Остальные дни, проведенные в пересылке, были скрашены рассказами Льва. Как зачарованные, слушали мы часа по четыре подряд его поставленный красивый профессорский голос. В его изложении Дюма приобретал глубину и христианский смысл; из беспутных драчунов незаметно получались светлые герои, преодолевавшие темные силы злодейства. Лев всегда сидел на верхних нарах на неизменном одеяле, скрестив ноги и не меняя позы в течение всего своего повествования. Позднее я понял, что ему, как йогу[24], была необходима для медитаций такая поза лотоса.

Вездесущий Ручкин узнал у надзирателя, что мы обязаны были Савке упорному стремлению загнать наш этап в камеры, «где вечно пляшут и поют», как романтично сами себя рекламировали блатарики. Во время нашего первого стояния в коридоре он шепнул знакомому тюремщику, что Борис — богатый «бобёр», то есть обладатель ценной одежды, не только надетой, но и спрятанной в его «сидоре». На этот раз полный мести и ненависти философ и поэт Борис стал неузнаваем. Случай свести счёты представился всем нам в день отъезда. Савка спрятался и не откликался; на Воркуту он ехать с нами не хотел. Решили проверить по формулярам камеры, в которые он мог попасть с этапа. Времени до отправки оставалось мало и начальник, когда мы стояли уже в коридоре, готовые к этапу, вспомнив об оказанной им помощи, обратился к Борису, которого запомнил. К моему удивлению, тот согласился немедленно, и они вместе с Ручкиньш стали у двери, через которую по одному выпускали всех заключенных. Как и следовало ожидать. Савка оказался в камере, где разыгралось наше сражение, был обнаружен Борисом, и его присоединили к нашему этапу. Мы крепко его обругали и даже попытались что-то ему объяснить, но тщетно: такие изверги, если уж когда-нибудь исправляются, то только с помощью Церкви.

Общий смех и издевки вызвало появление двух бытовиков, которых легально начал курочить Савка еще в нашем присутствии. После пребывания в камере со своим «другом» они оказались без «сидоров» и одетыми в рубища вместо справной теплой одежды, которая была на них поначалу. «Ну, как, и дальше будете держаться блатных?» — спросили мы, но ответа не получили.

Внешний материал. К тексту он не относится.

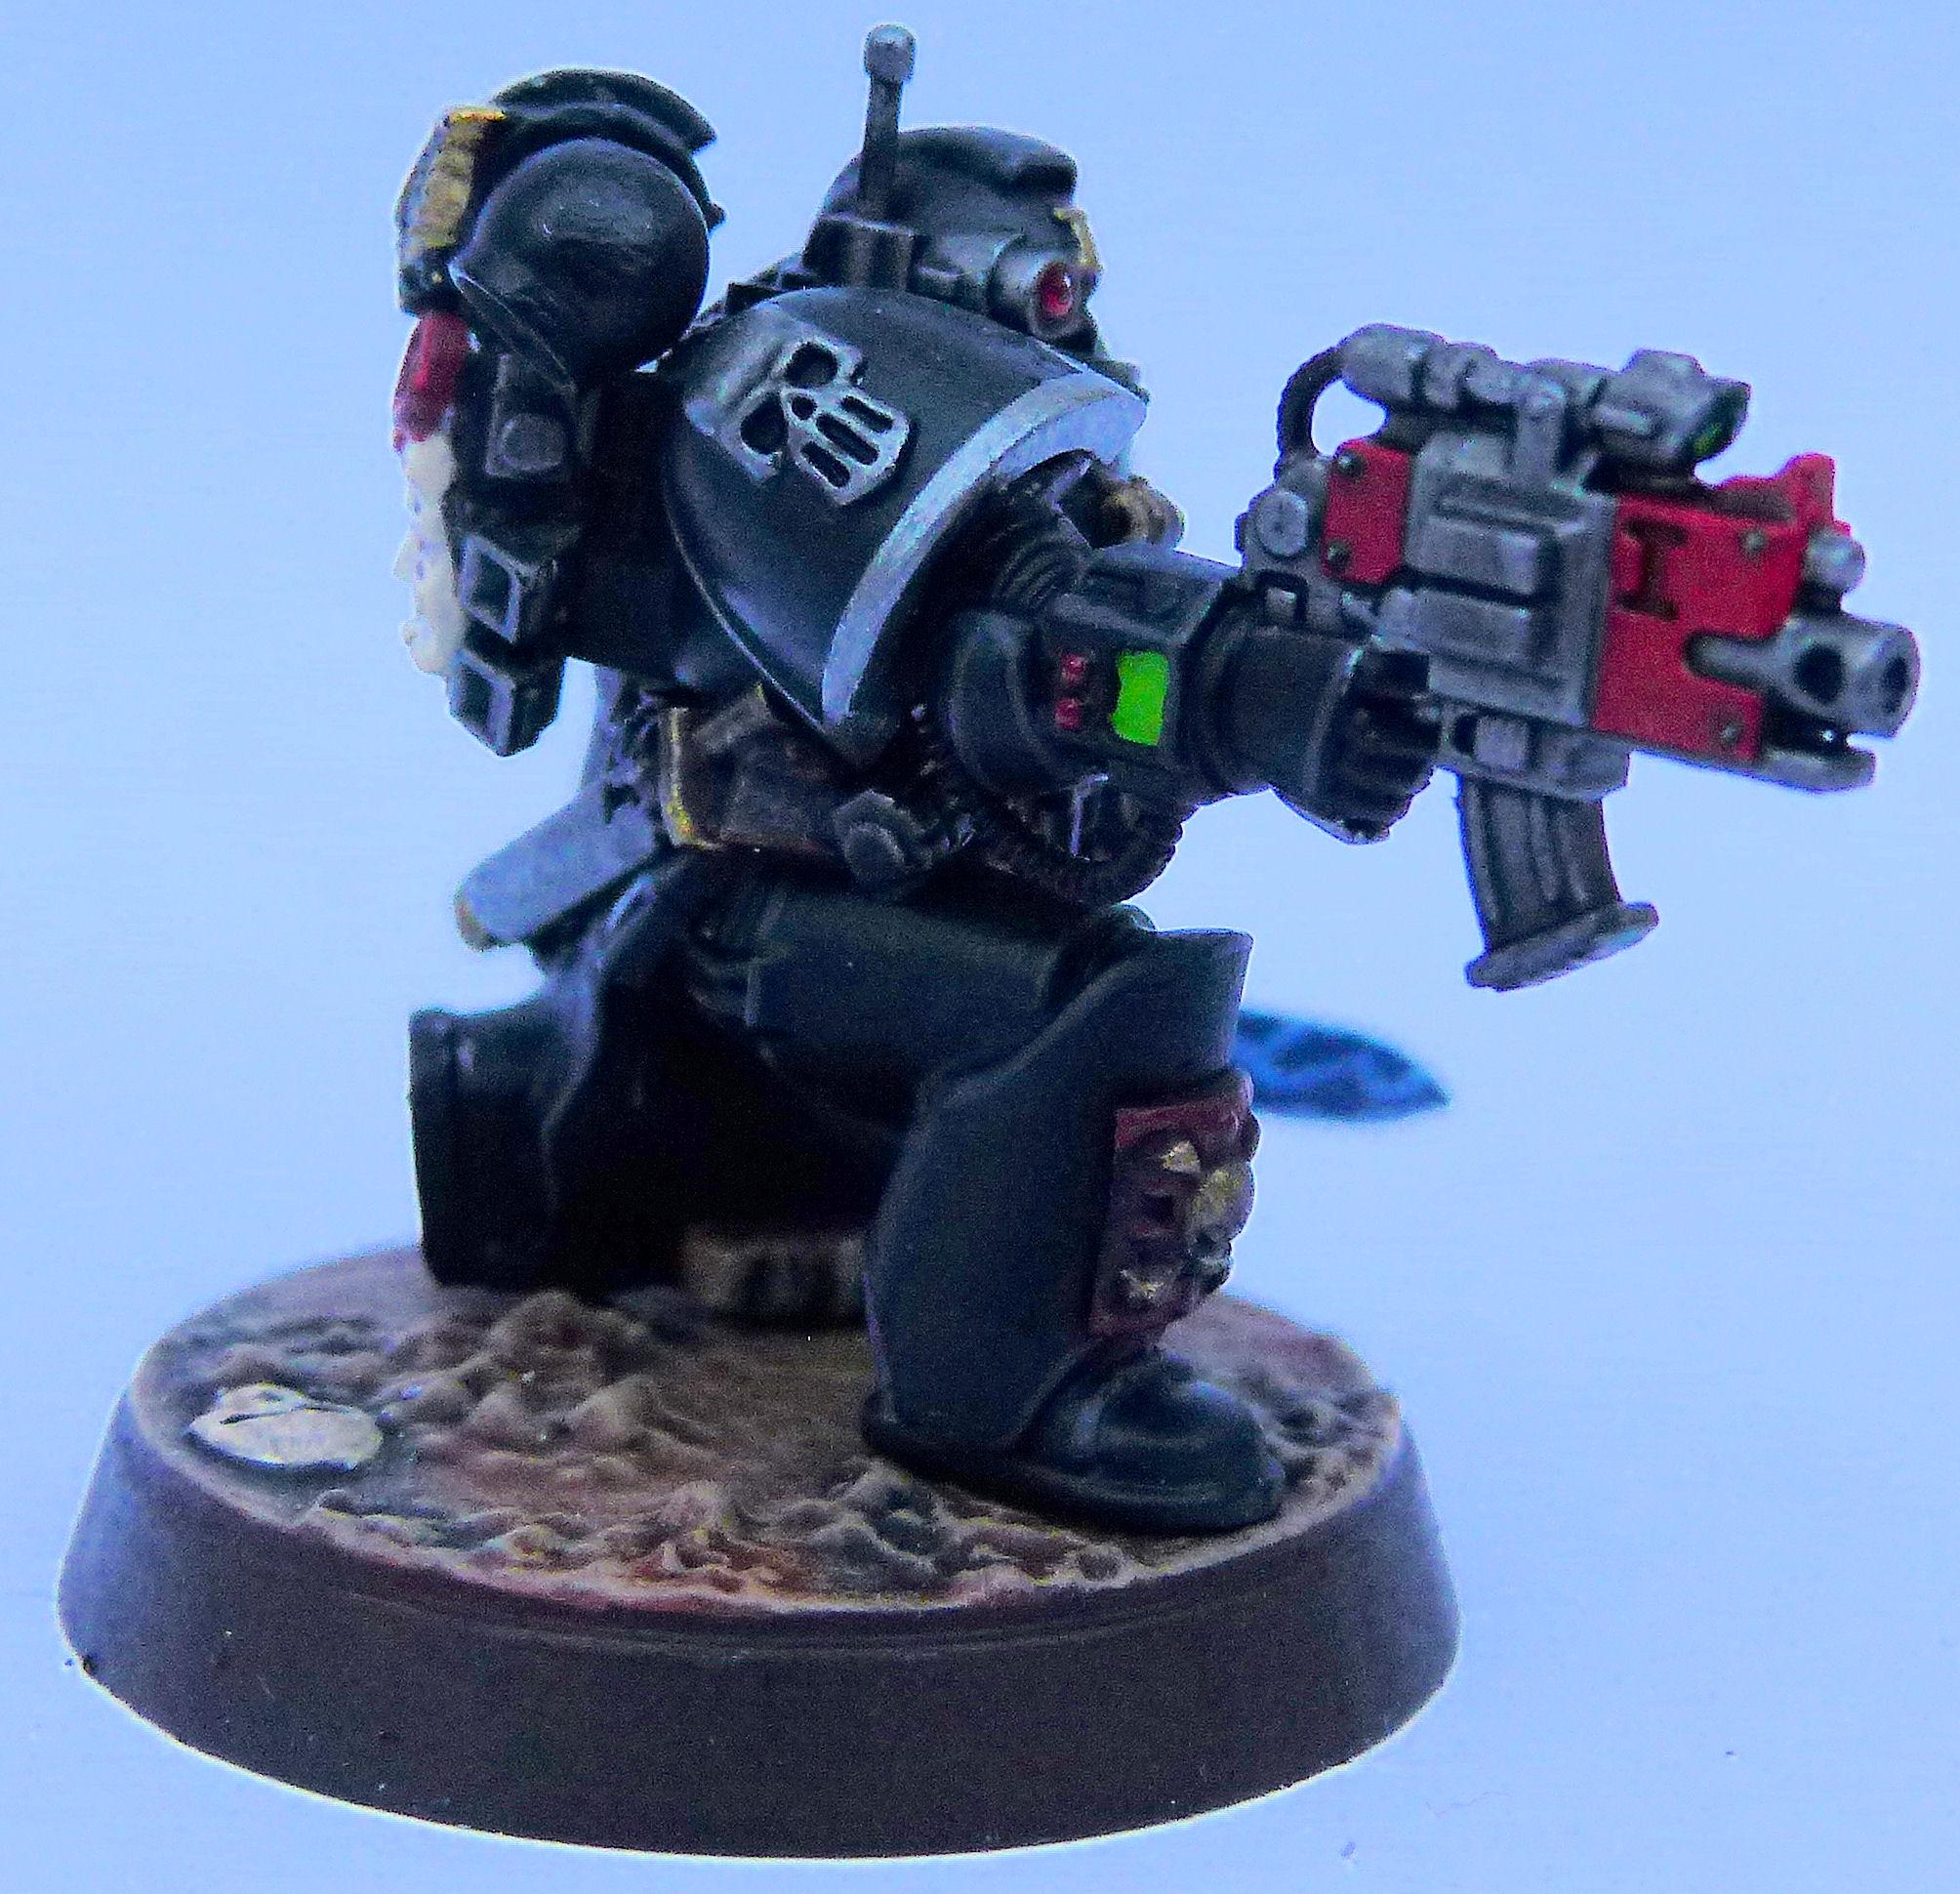 Silver Skulls Deathwatch Right Side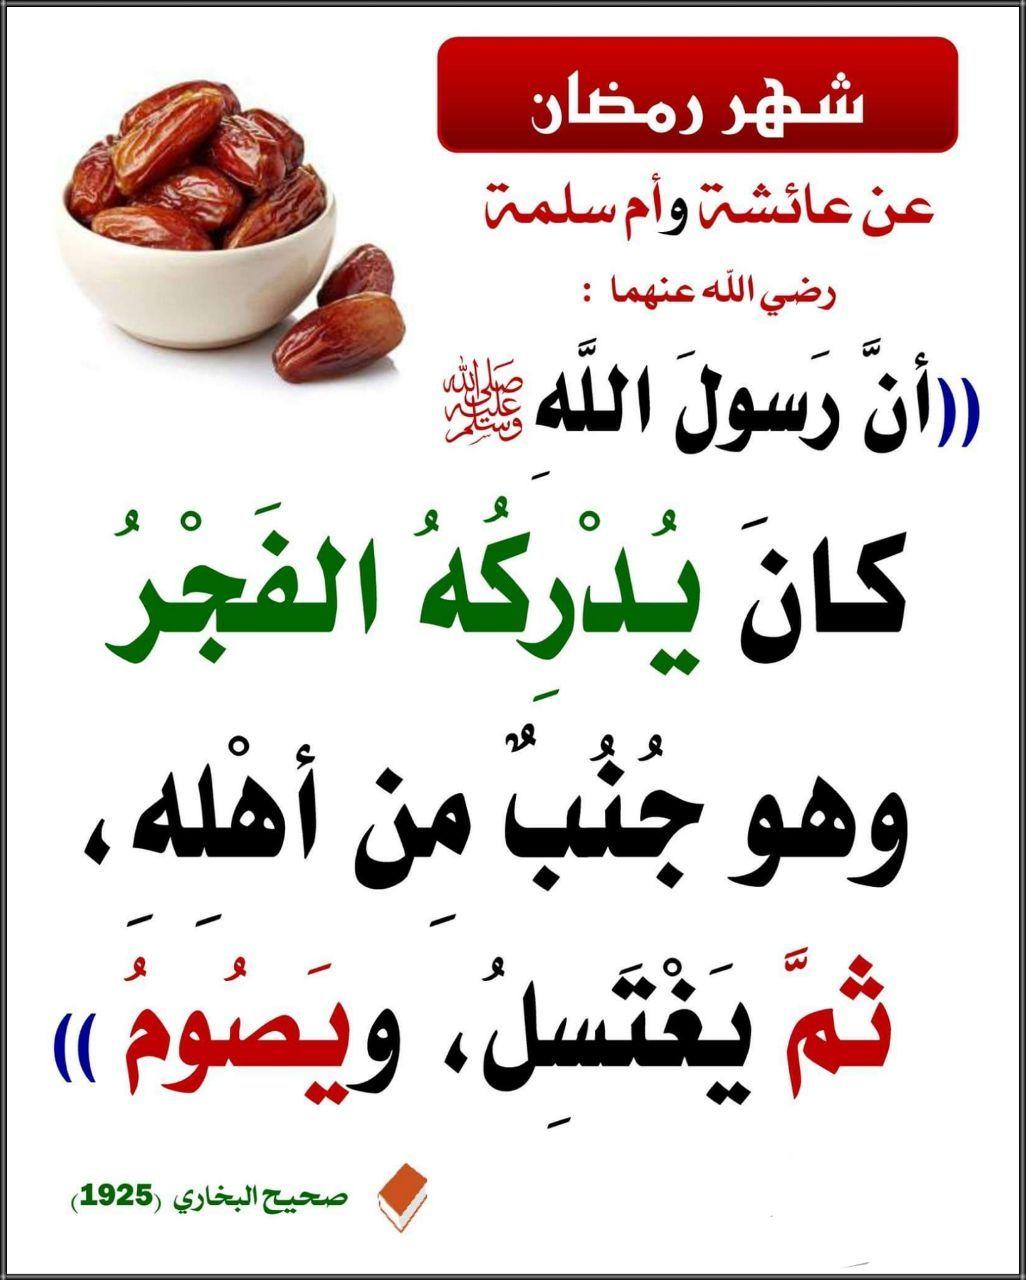 Pin By Karhi On شهر رمضان Islam Islam Quran Ramadan

Вернувшиеся с Воркуты заключенные рассказали нам перед самым отъездом, что железная дорога доведена уже до самого города, следовательно, мы ехали не на её строительство. Наш малюсенький этап разместили в пассажирском, а не в телячьем вагоне, что при нашей худой одежонке имело огромное значение. Мы вздохнули полной грудью, и я как-то всем существом понял, что эра ужасов закончилась, впереди ничто уже не могло испугать и, по сравнению с пережитым, всё должно было вызывать лишь усмешку.